**Problem**
Output exactly, and only, the lines below from the one with "Supercharger Ventures" down to the one with "Wireless G PC". Include both end lines and no pictures.

**Record excerpts**
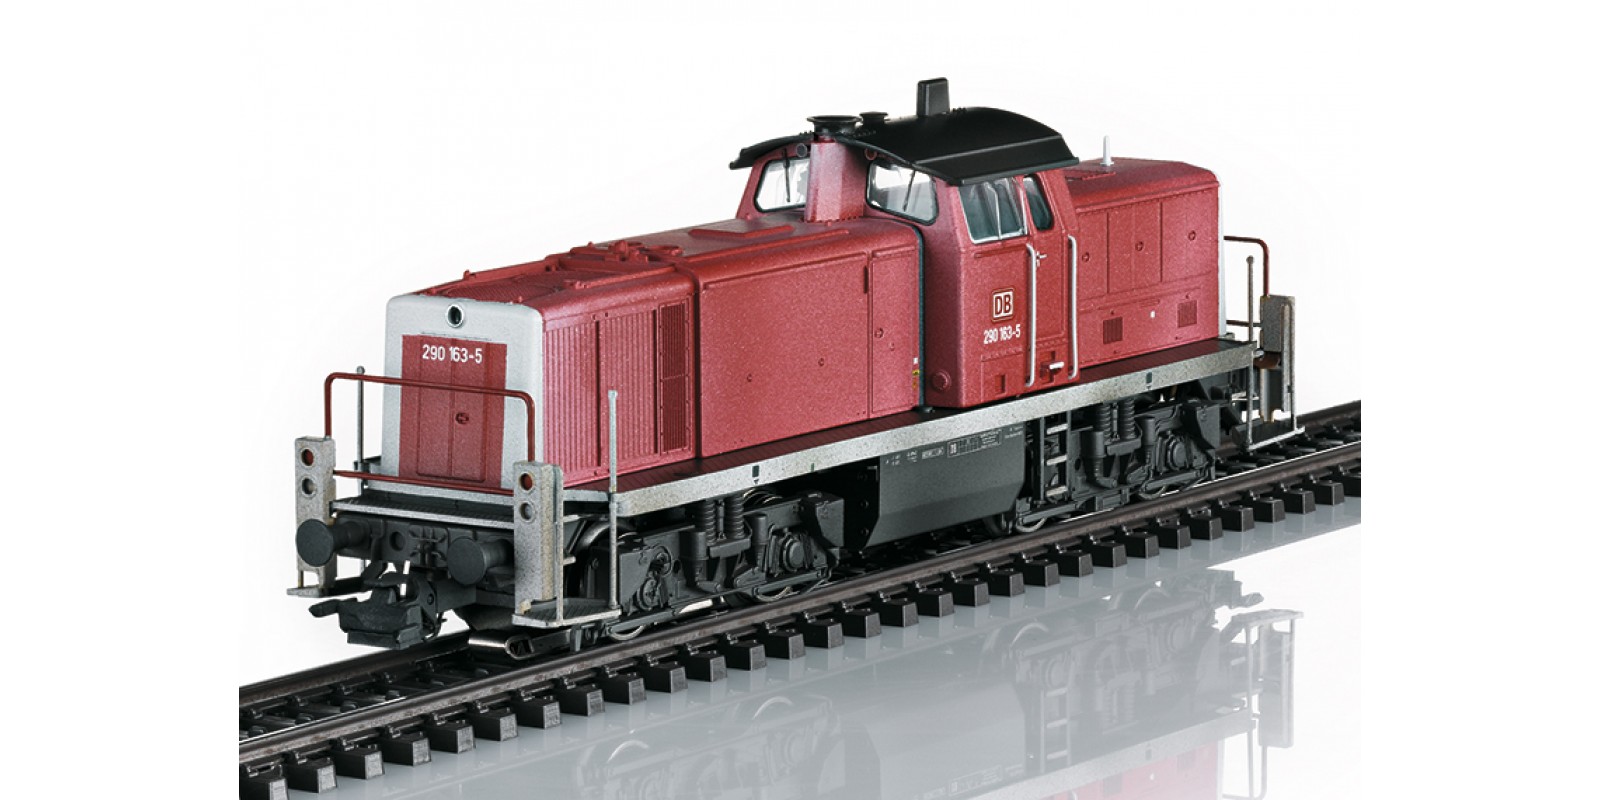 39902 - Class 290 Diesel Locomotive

* * *

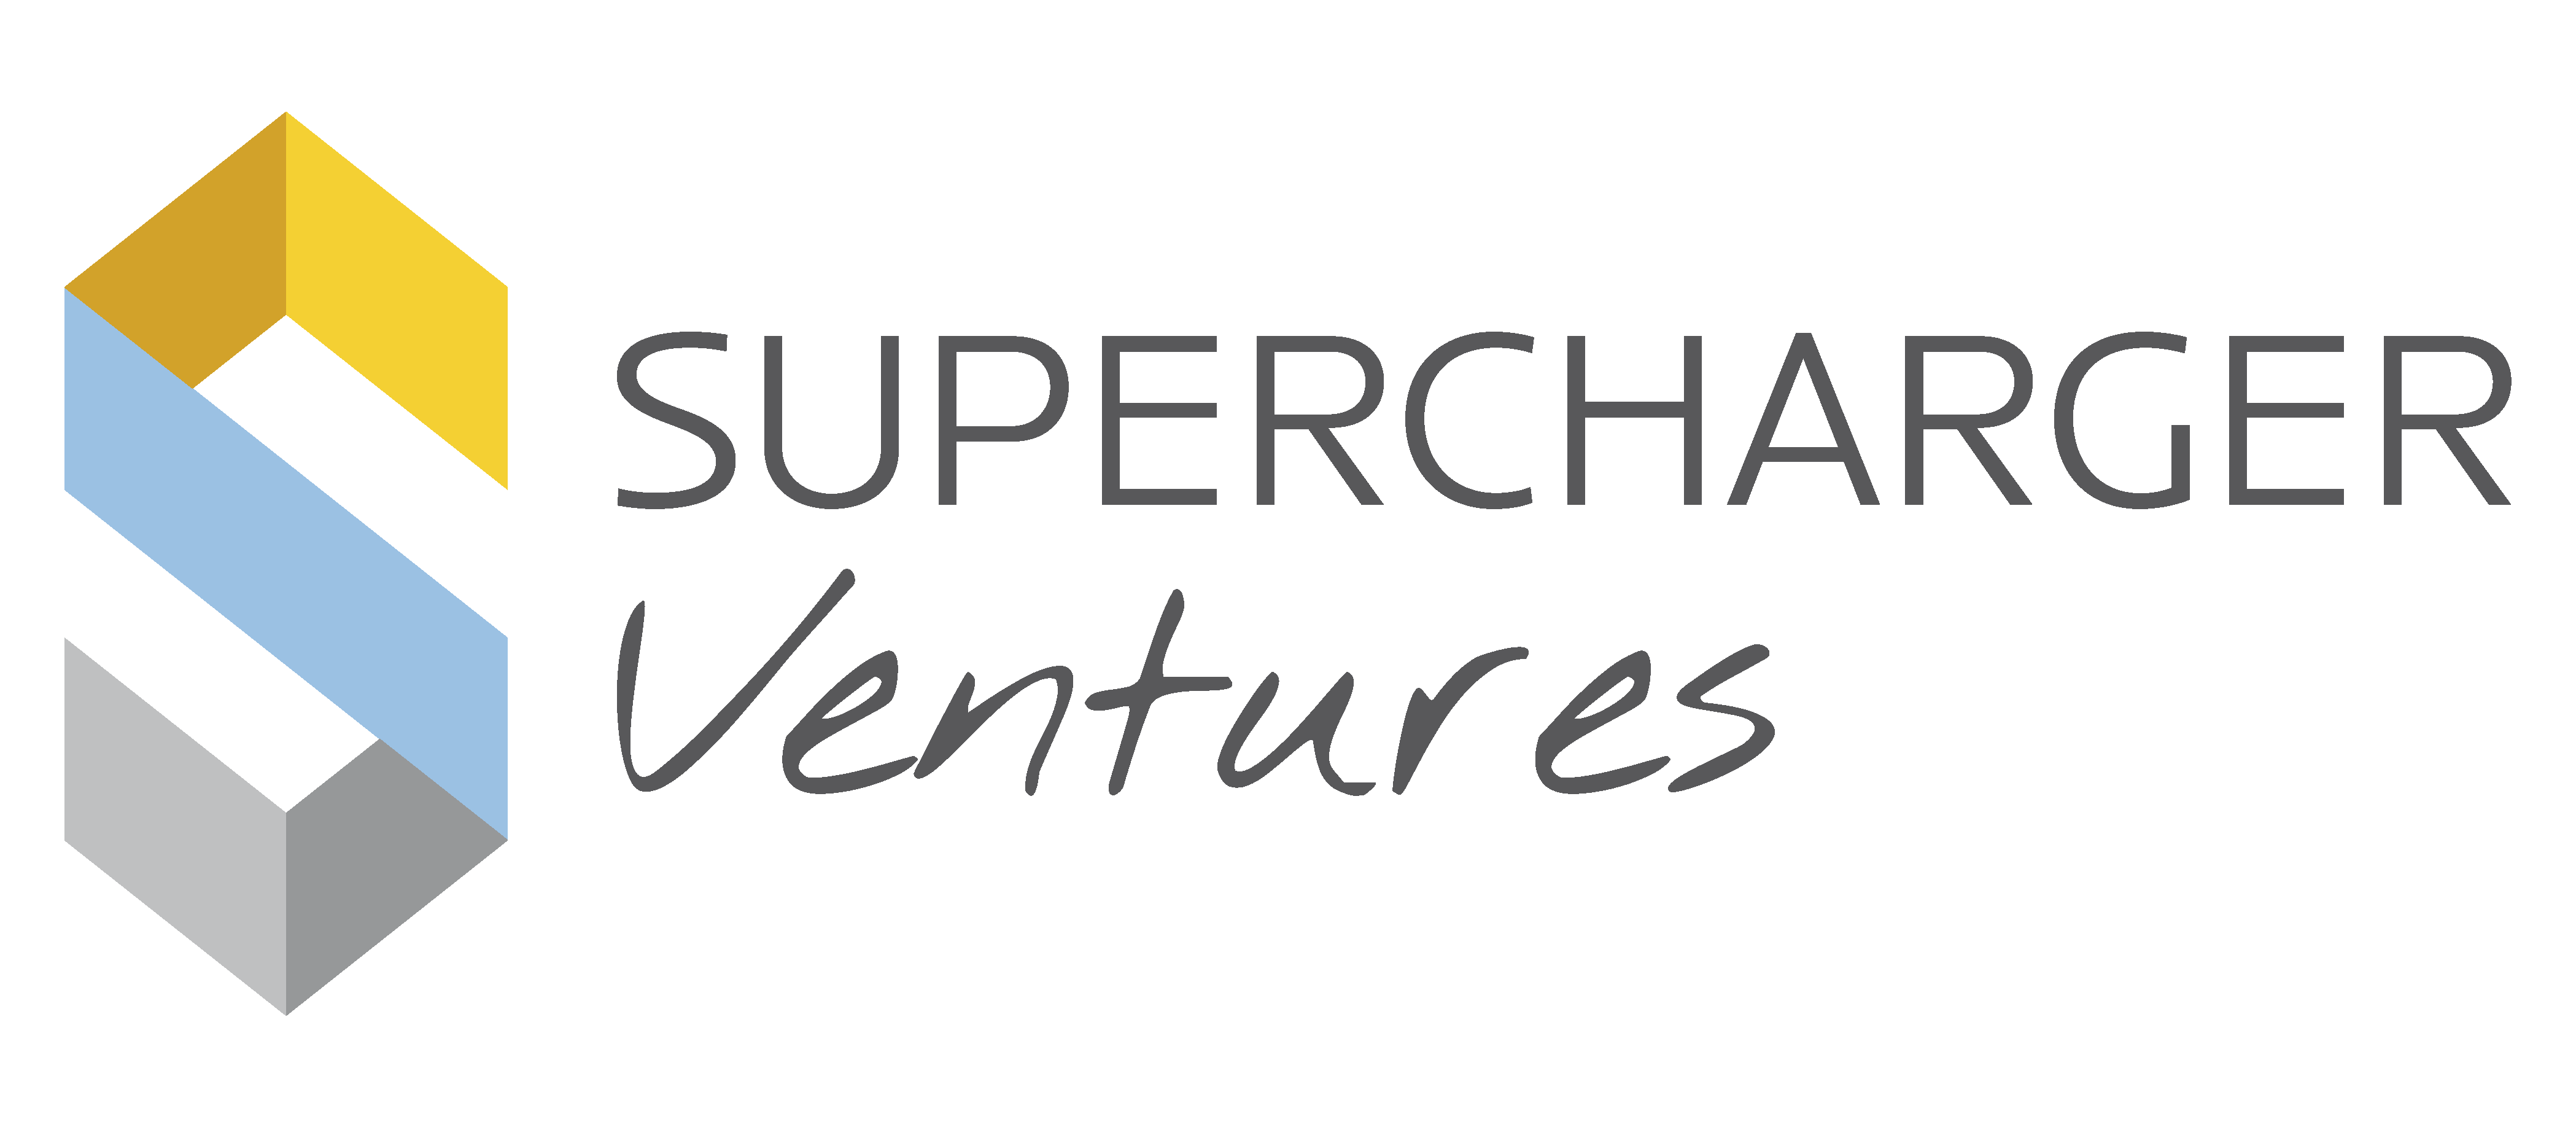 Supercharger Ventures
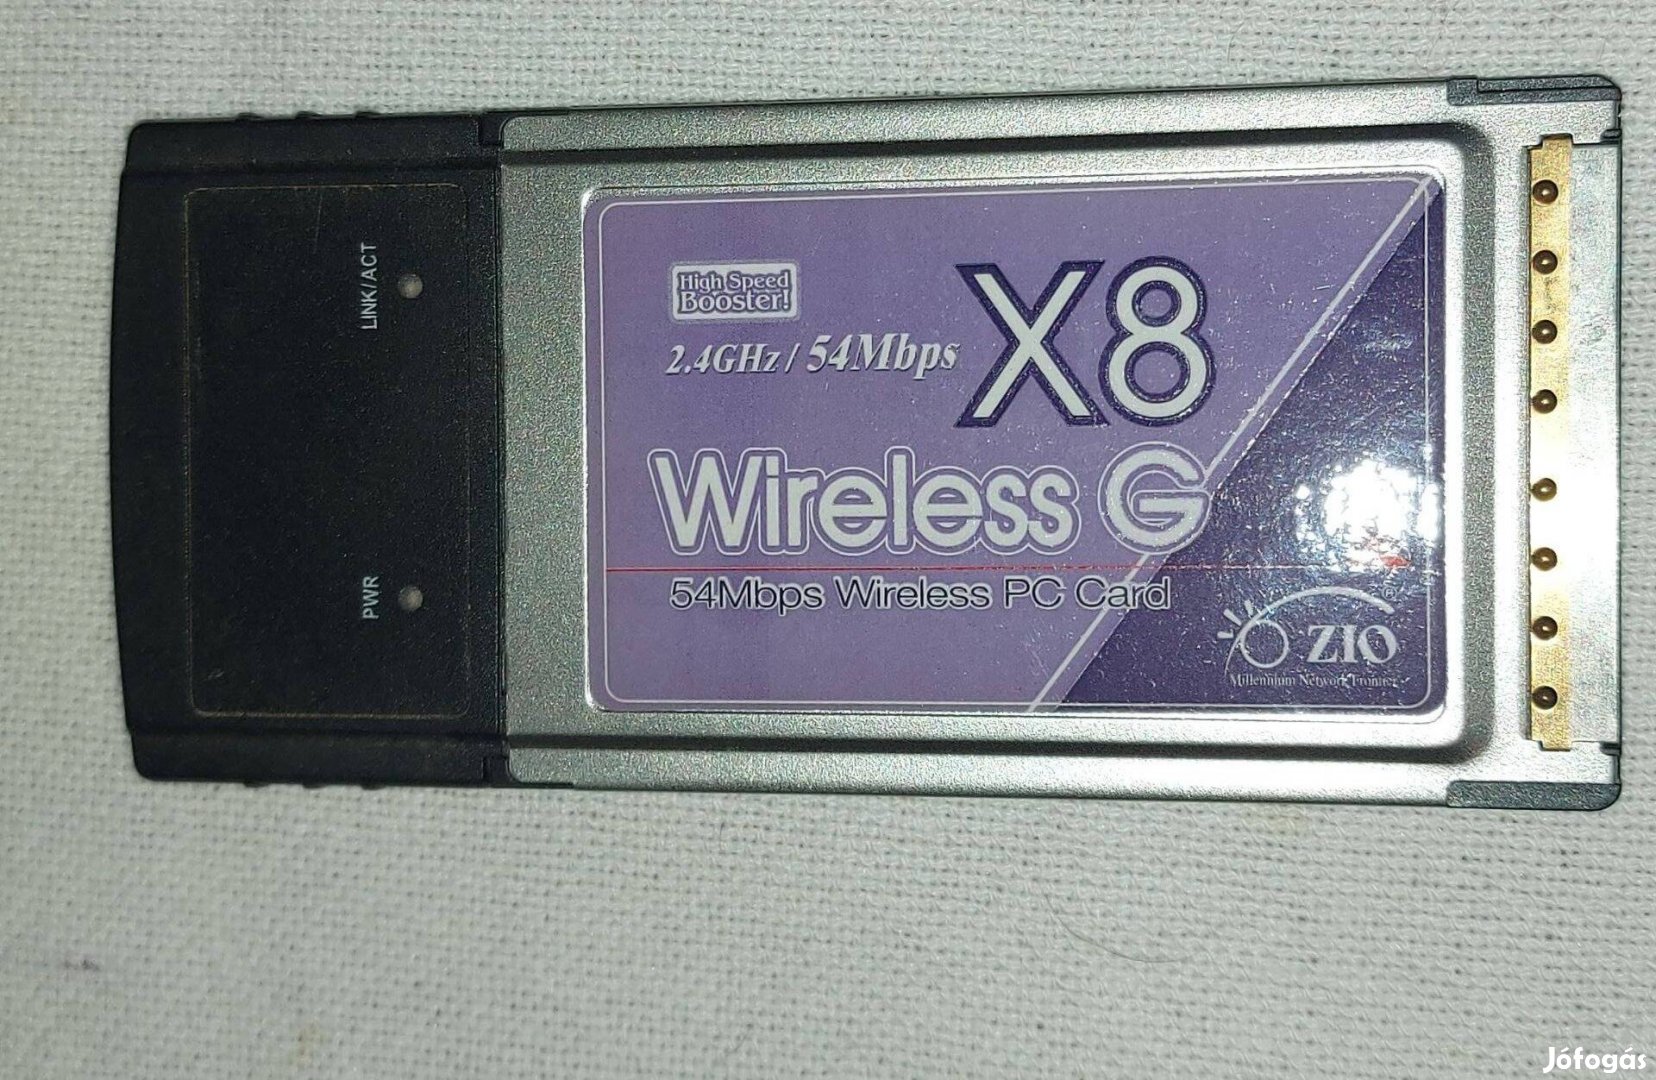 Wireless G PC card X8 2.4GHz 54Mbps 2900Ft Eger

**Answer for the task**
 Supercharger Ventures
 Wireless G PC card X8 2.4GHz 54Mbps 2900Ft Eger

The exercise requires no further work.